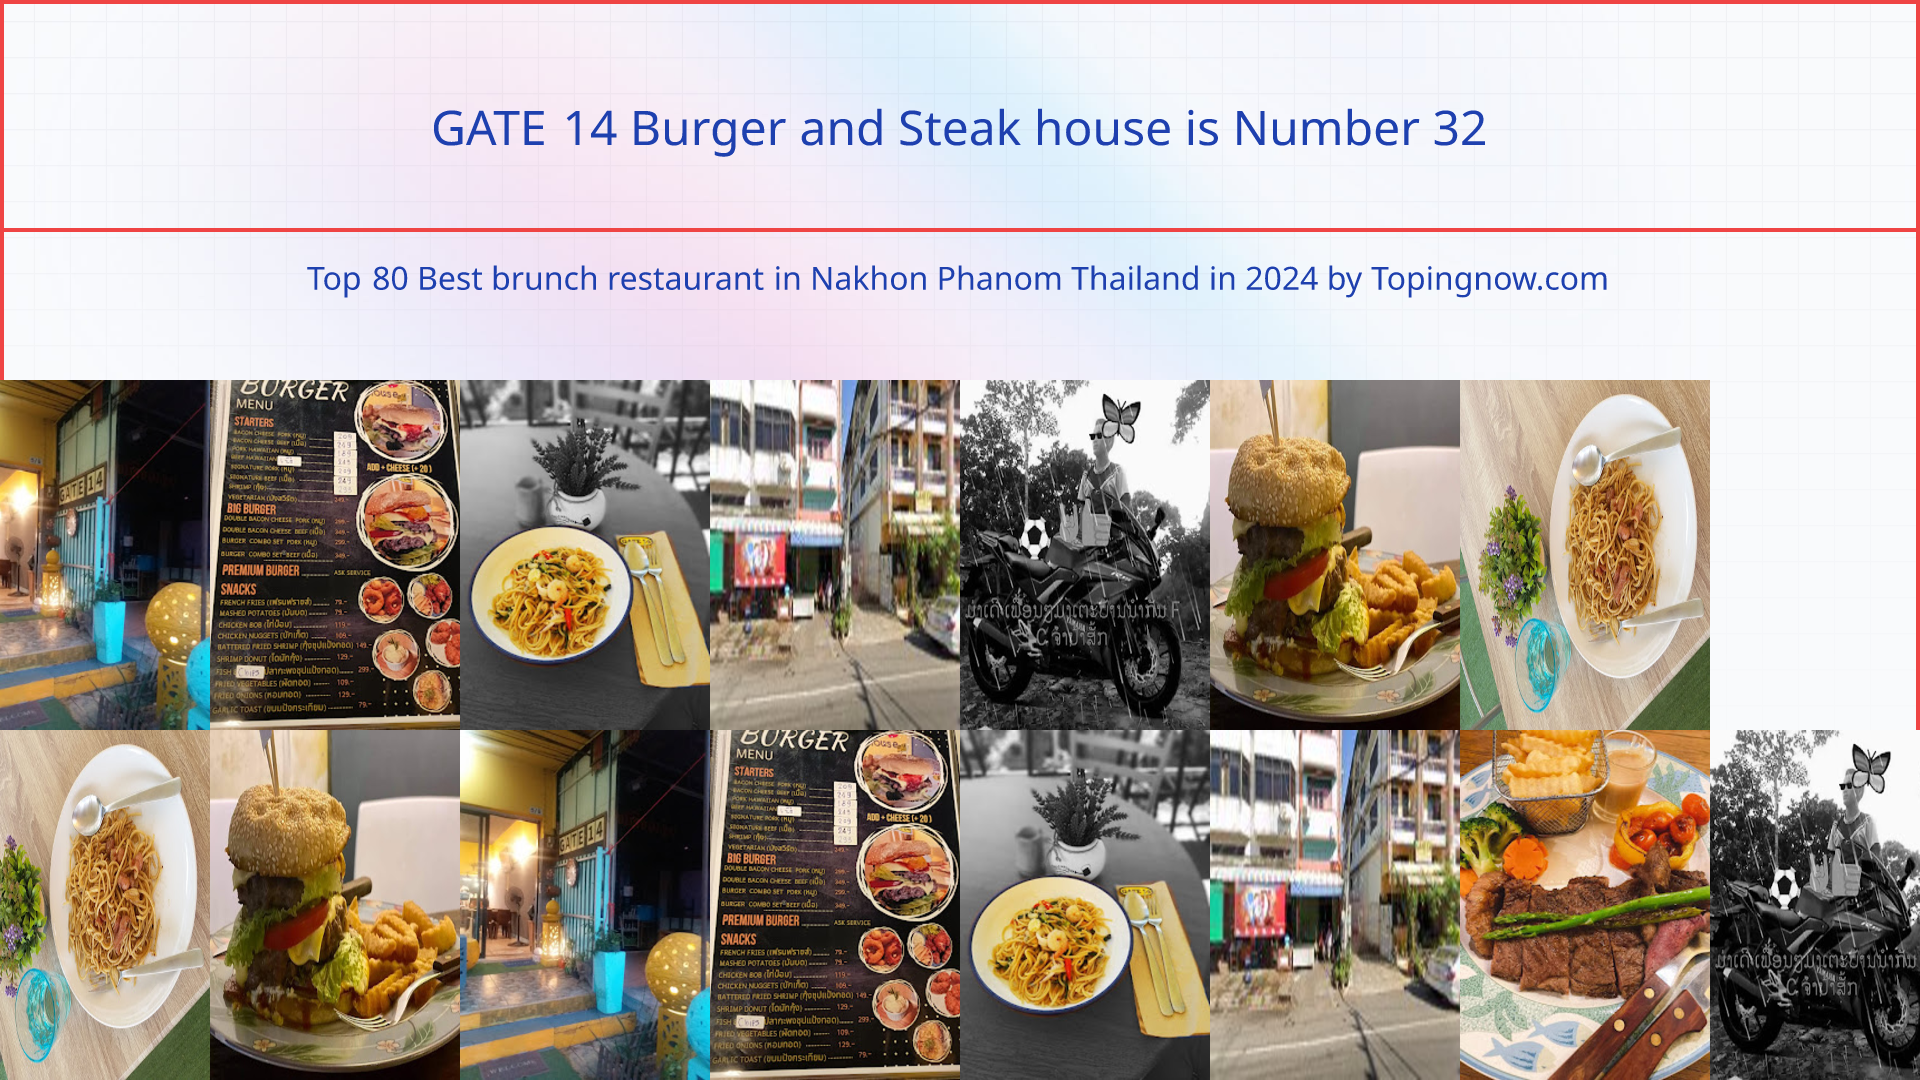 GATE 14 Burger and Steak house: Top 80 Best brunch restaurant in Nakhon Phanom Thailand in 2024
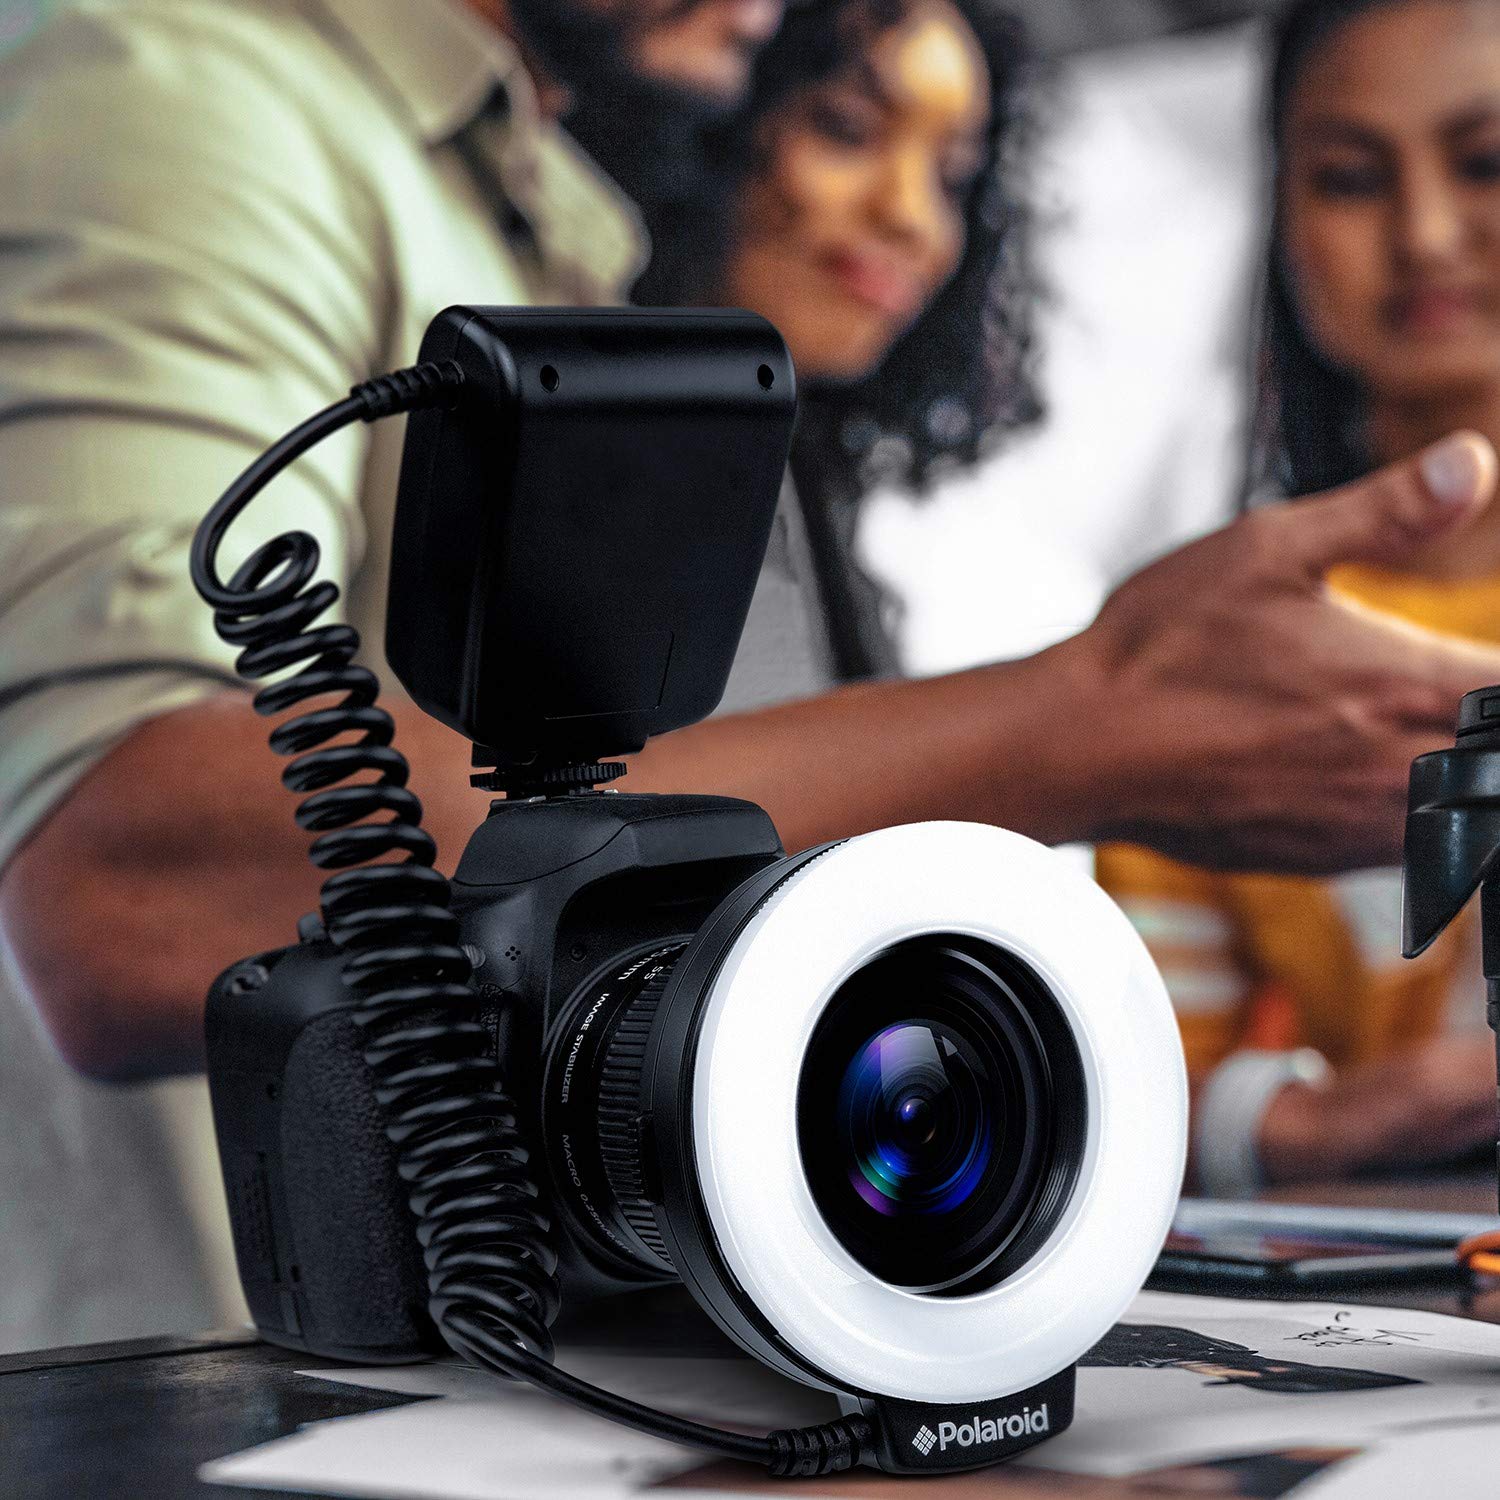 Polaroid 48 Macro LED Ring Flash & Light Includes 4 Diffusers (Clear, Warming, Blue, White) For Canon, Nikon, Panasonic, Olympus, Pentax SLR Camera
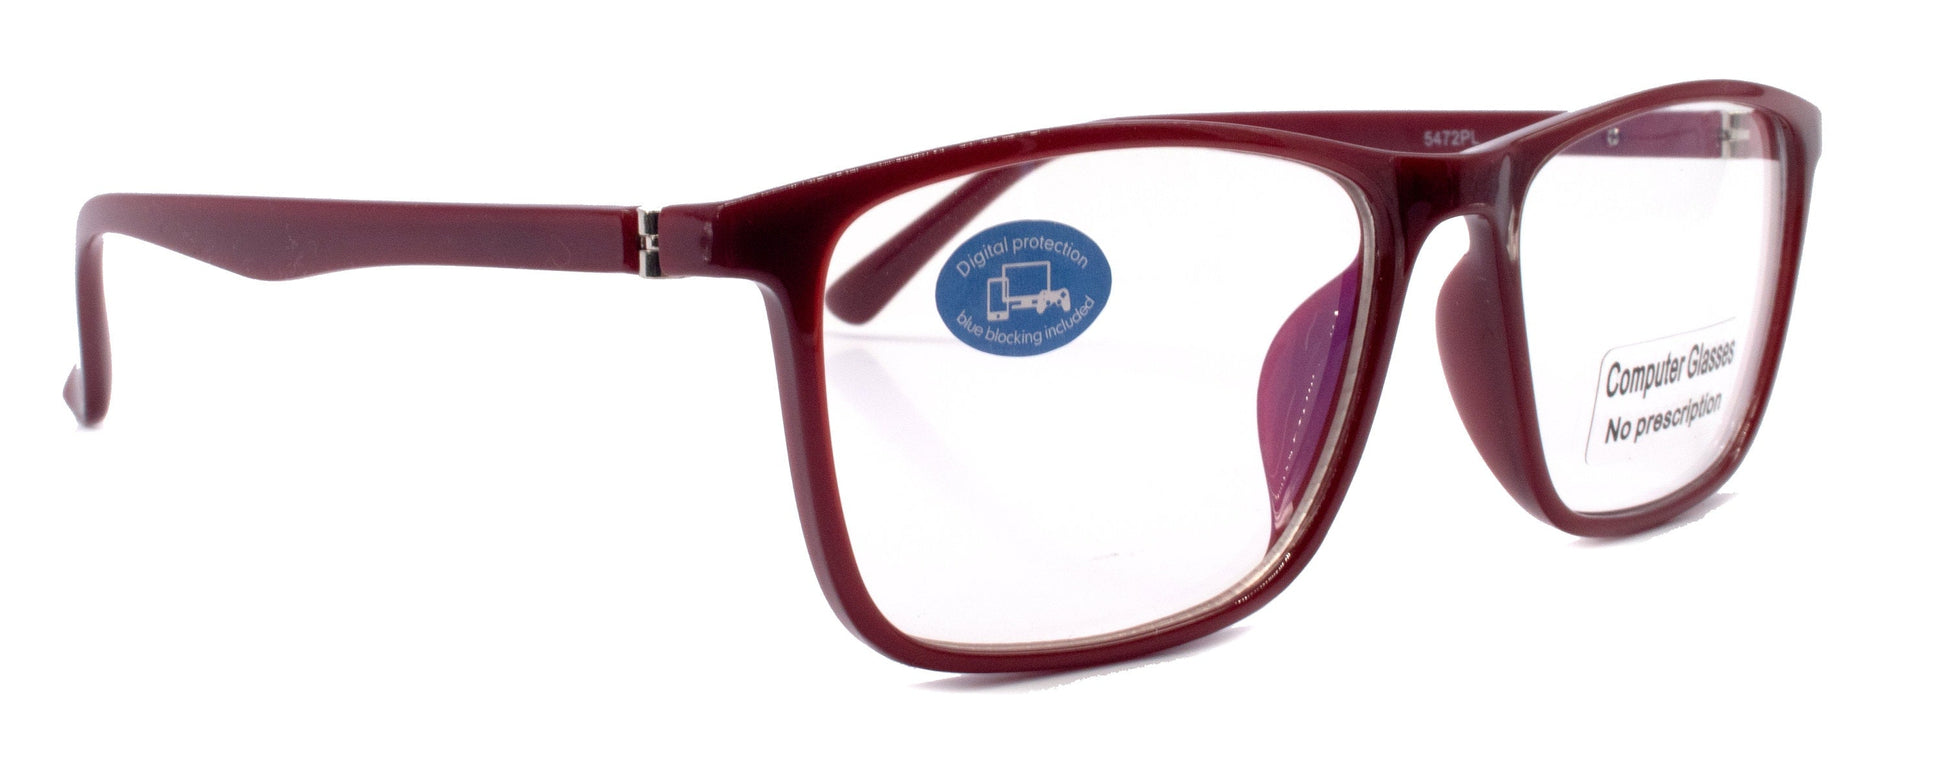 Vista, (Blue Light Glasses) w AR Coating (Anti Glare) Filter, (Burgundy, Square) Reading Glasses, No prescription, Gamers NY Fifth Avenue 
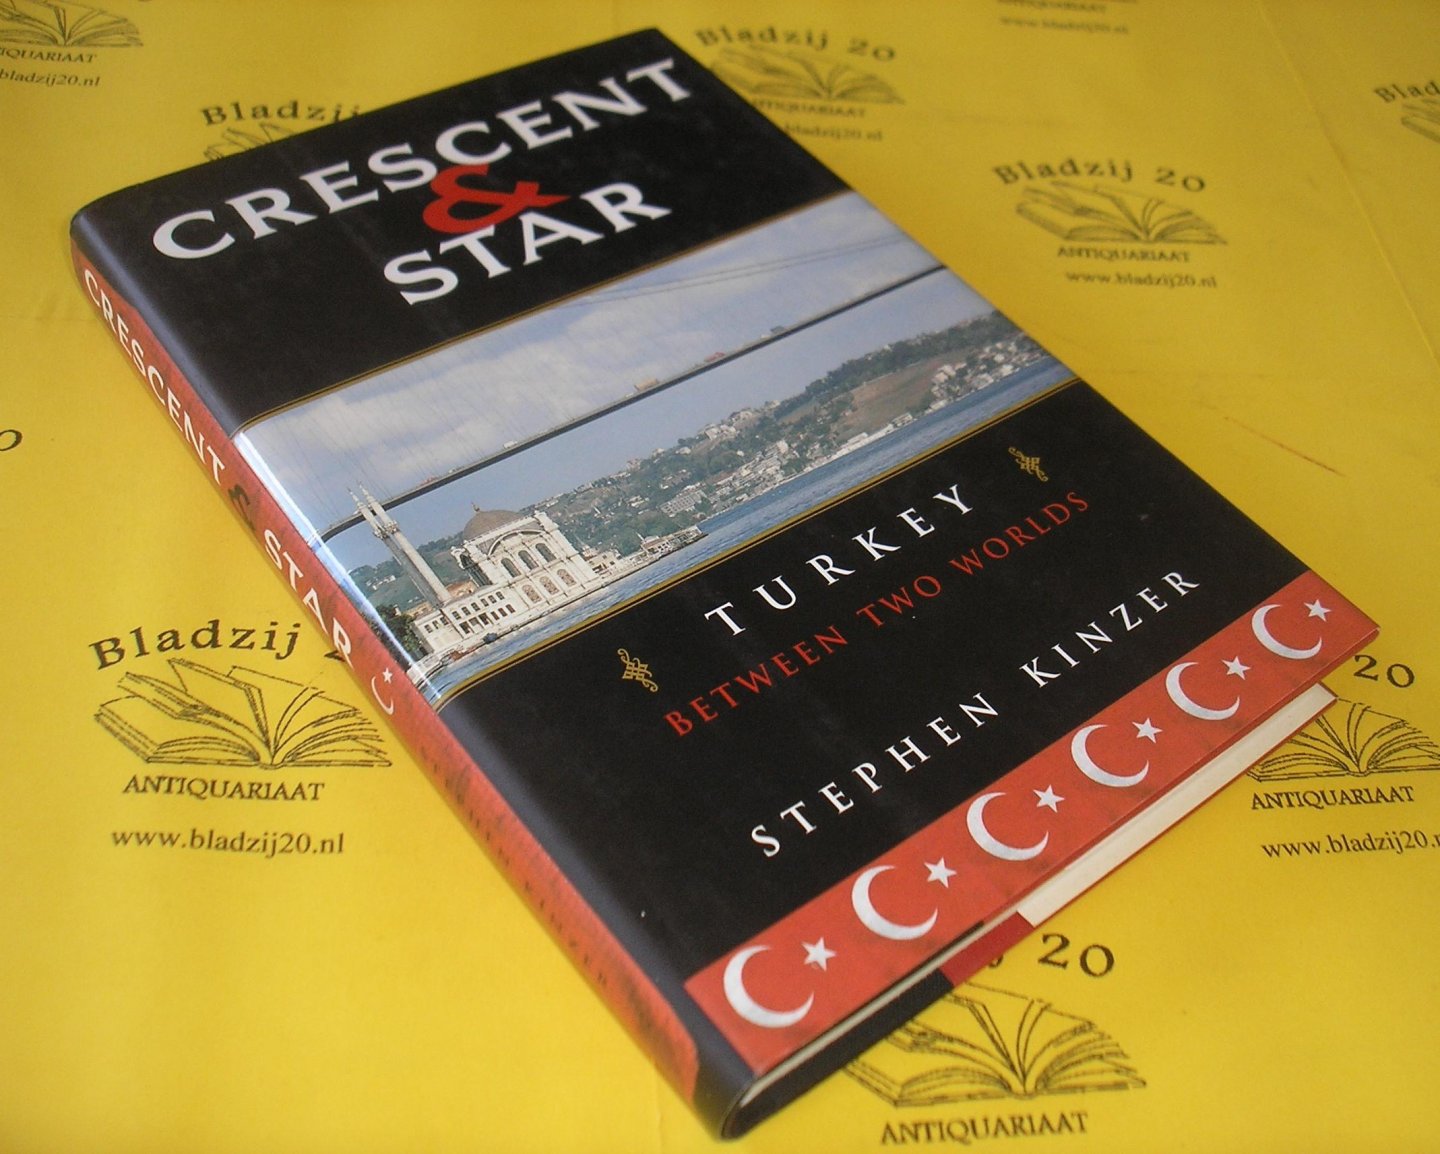 Kinzer, Stephen. - Crescent and Star. Turkey between two worlds.

■ **Activity**
The output consists of exactly the lines from the one containing "Vista, (Blue Light" through the last line of the listing, both included, with no pictures.

■ **Solution**
 Vista, (Blue Light Glasses) w AR Coating (Anti Glare) Filter, (Burgundy, Square) Reading Glasses, No prescription, Gamers NY Fifth Avenue 
 Kinzer, Stephen. - Crescent and Star. Turkey between two worlds.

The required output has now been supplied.